Photo: Courtesy of L'Oréal Paris.
At-home hair dye always seems like a fine idea until you find yourself trying to mix several different foul-smelling chemicals in the right ratio while unfolding a manual the size of a roadmap for planet Earth. But, though it may be less than ideal, for many women, an expensive hours-long trip to the salon isn't an option.
Well, that nightmare is about to be a thing of the past. L'Oréal Paris has just launched a product that's going to revolutionize the at-home color process in a serious way. Enter Superior Preference Mousse Absolue. No more mess, no more mixing, no more having to throw out the unused portion of the bottle. It's an automatic, reusable DIY hair color product, and it basically allows you to do everything on your own.
It's something that's been in the works for over a decade, according to Luc Maelstaf, packaging designer for L'Oréal Paris. "Everybody always dreams of a product where you push a button and a machine does the work for you," he says. "This device does just that: It makes the hair color mix without the consumer even noticing that it's happening."
Maelstaf says that L'Oréal Paris used Japanese technology to develop the packaging of the product, which is what makes the automatic, reusable qualities possible. Two separate aerosol cans are held together in a sleek plastic sleeve. One can contains the colorant; the other, the oxidant. "The reaction to create hair color only happens when you have a mix of those two things," says Sophie Bodelin, the head of hair color labs for the France headquarters of L'Oréal Paris. "But now you don't have to mix it yourself. The mix is complete as soon as the product comes out of the bottle."
The dye comes out as a mousse, ready to go. It's literally a two-step process: Push the button so the formula comes out, and then leave it on your hair for 30 minutes. Done and done. Plus, the aerosol cans prevent air from getting into the product, which means you can use just as much as you need and save the rest for up to a year.
Much like a smart phone, this innovation appeals to a cultural climate that expects high-tech products to be user-friendly. It's also in line with the DIY feel of beauty these days. With just a shake of the can, a woman can easily change her own hair color, not unlike painting her nails.
Photo: Courtesy of L'Oréal Paris.
"It's like having a small chemist helping you mix the product," says Bodelin. "We think dyeing your hair at home should be part of a beauty routine, not an overwhelming, messy project." Maelstaf agrees: "Without this innovation, dyeing hair at home is stressful. This is something completely different."
The formula of the dye is the exact same formula in the brand's beloved Preference line. It comes in 16 different shades and is designed to allow you to lift or darken your natural color up to two shades. Plus, since the can is reusable, it's perfect for touching up roots and stray grays at home between visits to the salon.
Christophe Robin, hair color expert with L'Oréal Paris, says the decision to keep the range of colors small is in line with the desire to create a classic collection. "We wanted to make beautiful basics," he says. "I wanted to build something that would last a long time, like Preference itself."

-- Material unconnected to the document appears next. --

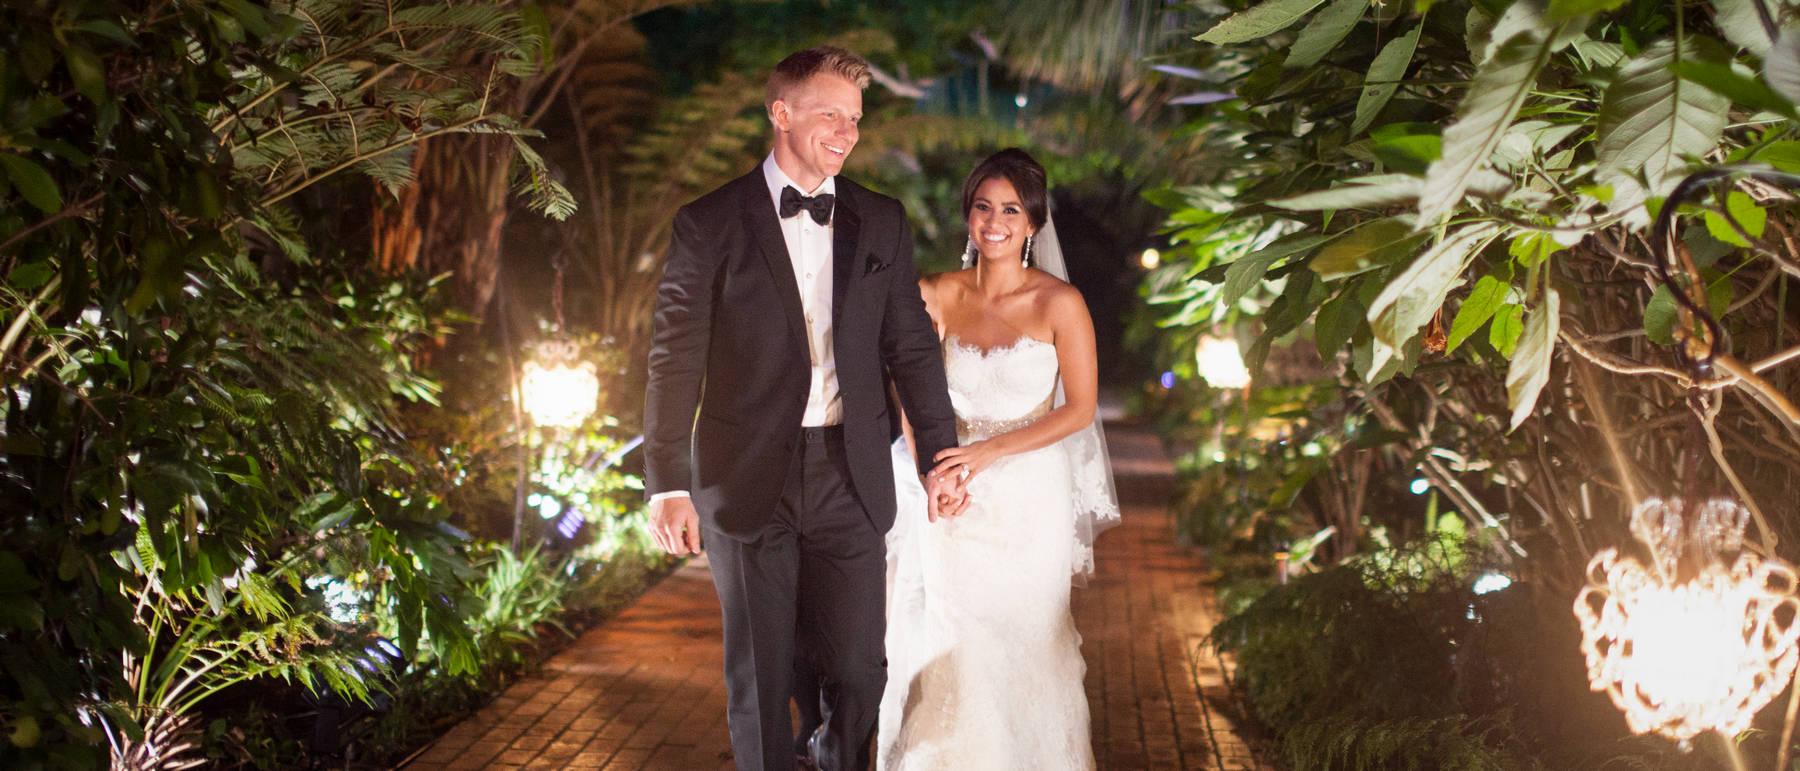 johnandjoseph-wedding-photographer-hz-slider-371

Since the solid shades that the mousse comes in only give you a two-shade difference, Robin says it's not ideal for trying to create highlights at home, nor is it the thing to use for a major hair change. But, this two-shade only aspect might help prevent hair disasters — it's not going to dye black hair platinum, but you don't really want to try to do that at home, anyway. However, if you're looking for a subtle way to experiment with ombré, the mousse might just be the ticket. And, to brighten up any look, Robin recommends brushing a small amount of one of the lighter colors through the sides of your hair and a little bit on the top of your head, creating a sun-kissed effect.
We're really wishing this foolproof situation had been available when we went through our own hair-color adventure phase, which usually resulted in tears and broken hair. And, while we might not be ready to fully convert to the at-home hair-color lifestyle (we've developed such deep relationships with our colorists), it's safe to say that our days of pesky dark roots are over, for good.